Indeed - I started on Logic 4 in Windows.
When I say Pro Tools is more Mac-like, I'm talking about so much more than just buttons and boxes. It's the whole ethos; the whole experience. Think about what Apple are famous for. While other people keep adding features, thinking that "more features = more value", Apple tread a different path: they think about the actual experience of using the program. Logic is the opposite of the normal Apple philosophy: bulging with features, but bloated and often unnecessarily complex. Pro Tools feels like people have sat down and beaten their brains out to find the simplest way of doing something. Logic feels like they've sat down and gone "let's add more stuff!".
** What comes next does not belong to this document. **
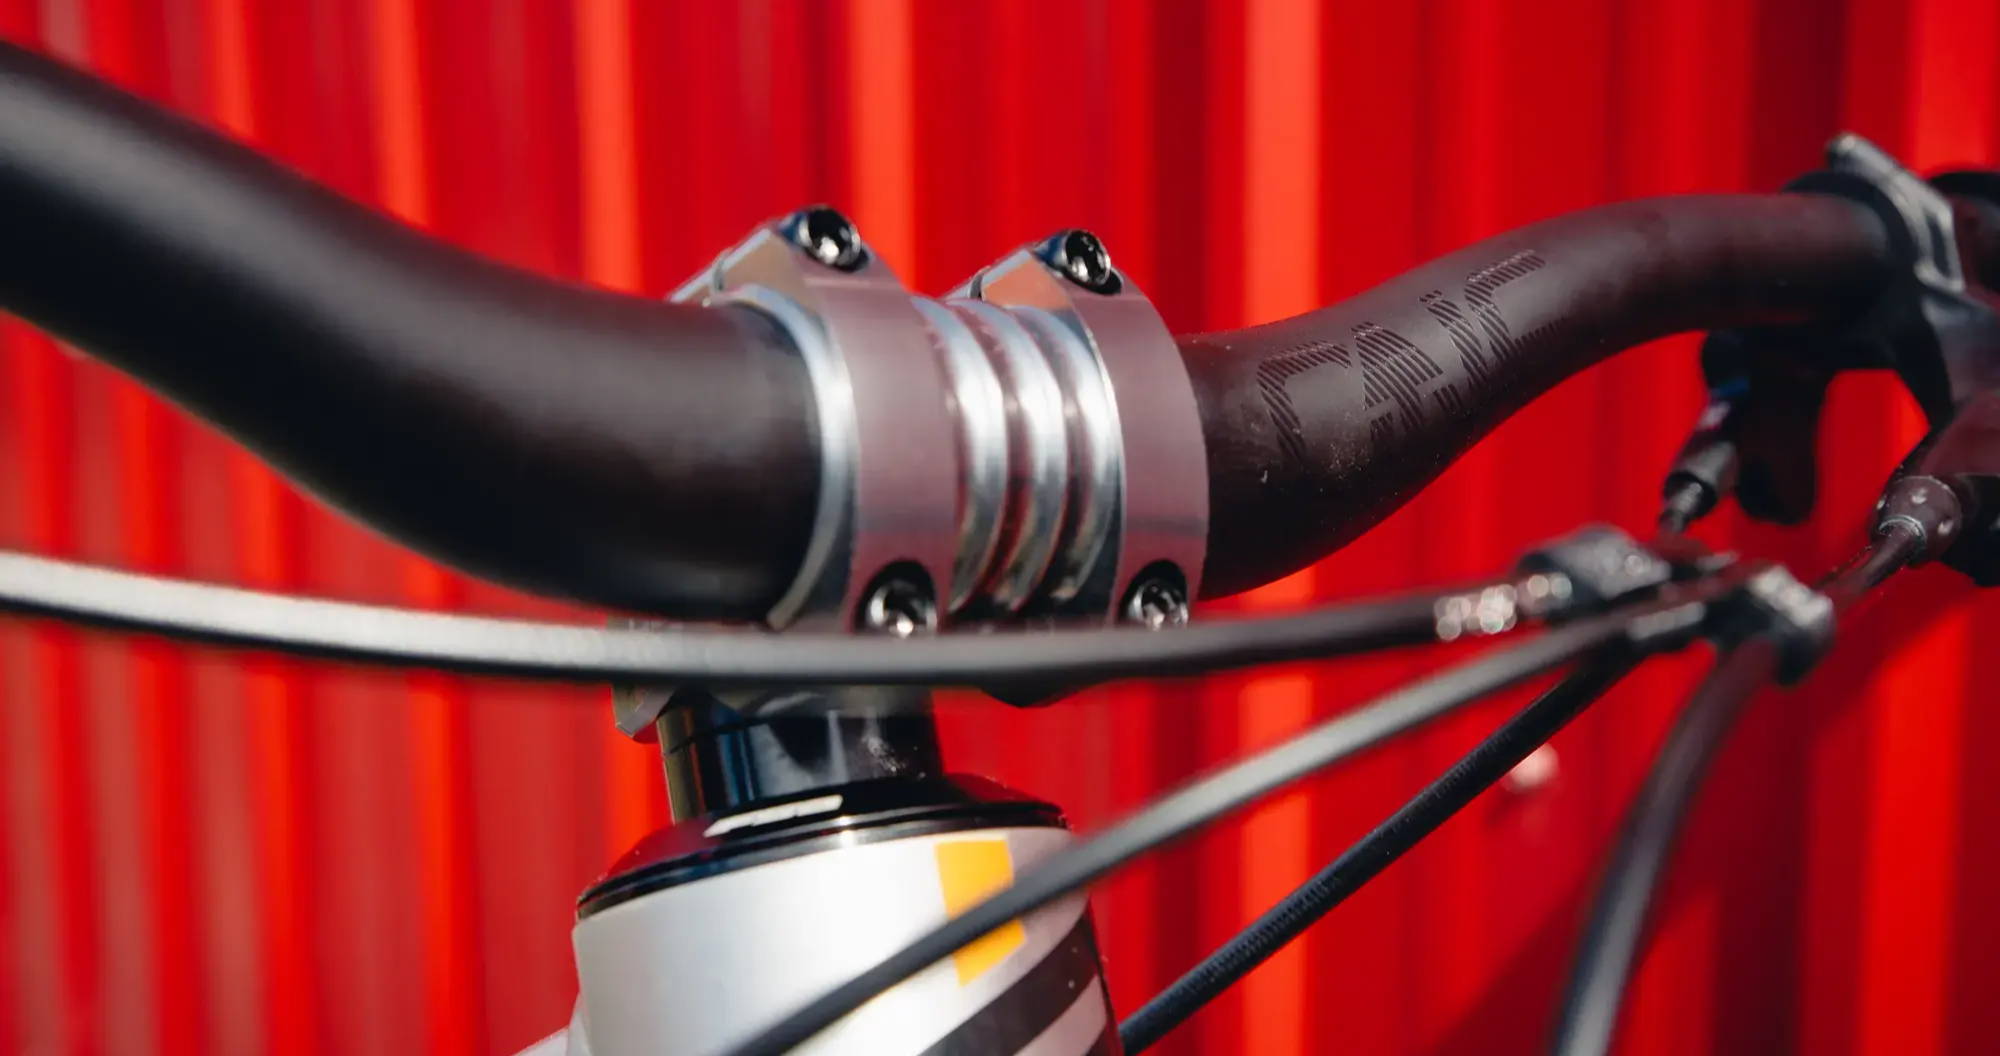 deity copperhead mountain bike stem with oneup components carbon handlebars attached from the front on a red background

Not that it's what I was talking about, but I do also think that the basic look and feel of PT is more mac-like too (er... menus in the window title-bars?). I love Logic, I use it every day but as I said before, I also curse it every day. Had it been designed from scratch by Apple there is simply no way it would work anything like it does - for better or worse.
I respectfully disagree that Logic can do all things audio. I am typing this reply in between loading up Melodyne and Pro Tools so that I can import audio and do stuff that Logic can't. If Logic did all things audio, it would save me so much time! Also, what it does do in audio, it generally does in a slower less intuitive way - all those little details that Apple would have worked at had it been their own app.
Actually, it's the other way round - there was no MIDI at all in Pro Tools until about 5 years ago. Since they added it, they have only kept increasing its' capability. It is still nowhere near Logic, but it is probably closer to Logic on MIDI than Logic is on audio.
Fair point - PT does feel the heat from Logic's huge wealth of included stuff. But I believe Logic feels the heat from Pro Tools' user experience.
I don't think anyone's doubting how big it is. The audio world is full of people using Logic. But most of them enjoy a good bitch about it.